Holy, holy, holy is the Lord God Almighty. Heaven and earth are filled with his glory. Bring me through. Shame them that lie in bed and watch and comment and condemn and judge and speak the word "again" with threats and lies and judgement. For we are moving on. We are breaking free of the curse with which my mother cursed me. We are delivered from all wickedness and vomit of the sinfulness of sinful people. We are delivered from evil. We are delivered from the wickedness of those who love a lie. We are delivered up unto the Mercies of the Eternal God, who puts a new song in our hearts. For out of the storehouse brings the teacher trained in righteousness, old things and new, old things and new, old things and new.
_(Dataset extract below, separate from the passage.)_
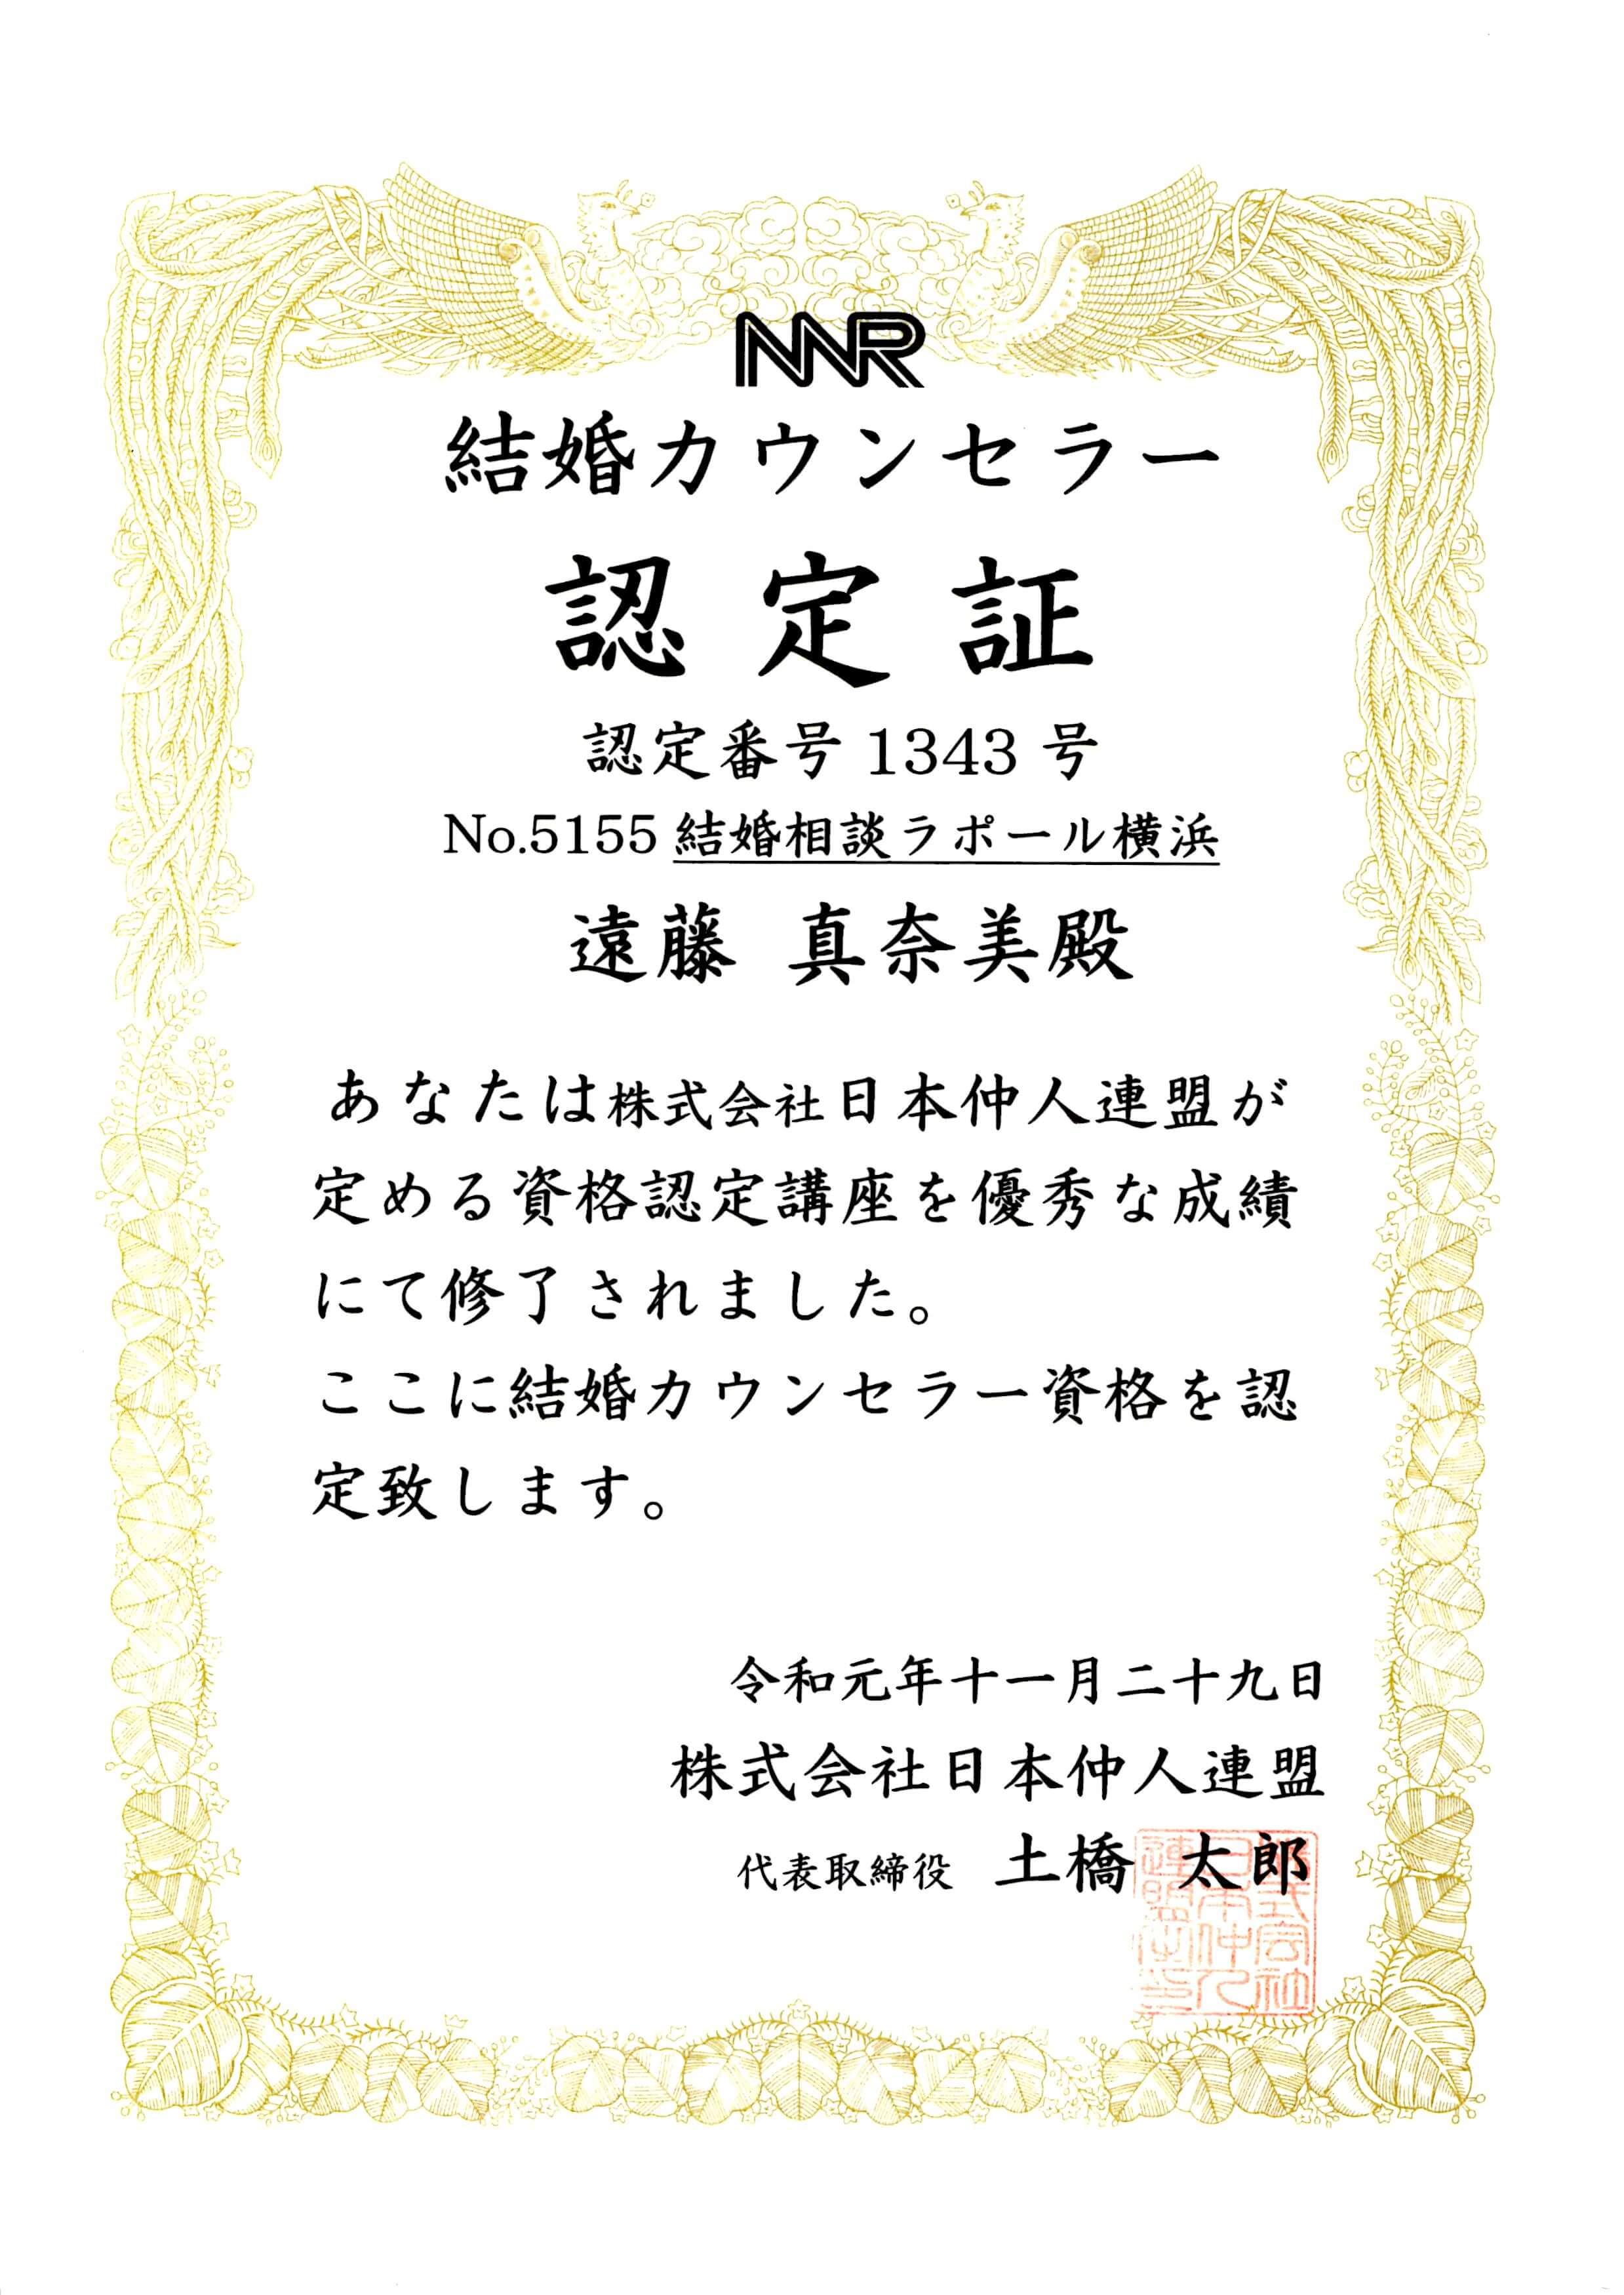 日本仲人連盟結婚カウンセラー資格認定書(遠藤まなみ)

Tell him, they keep on saying, Tell him. Tell him. Tell him. They are trying to upset me. They are saying things they know will break my heart. I am really going through it at the moment. Torture upon torment. This is like old Wurmbrand only it isn't physical, it is mental. I was "shemped", apparently, which means, that I was made into a blind and foolish fool. And I need help. And even Collard scorns that. Scorned by my own brother. Abandoned by Olga when it transpired I wasn't holy enough for her. Abandoned to suffer in silence the cacophony of voices accusing, judging, condemning. Rejected. The Rejected Fool, suffering the same shame which Jesus scorned as he suffered outside the City of David, on the hill, far away, without the city wall. Where my dear Lord was crucified and died to save us all.

I should have thought of a better pen name. Foolish Pilgrim.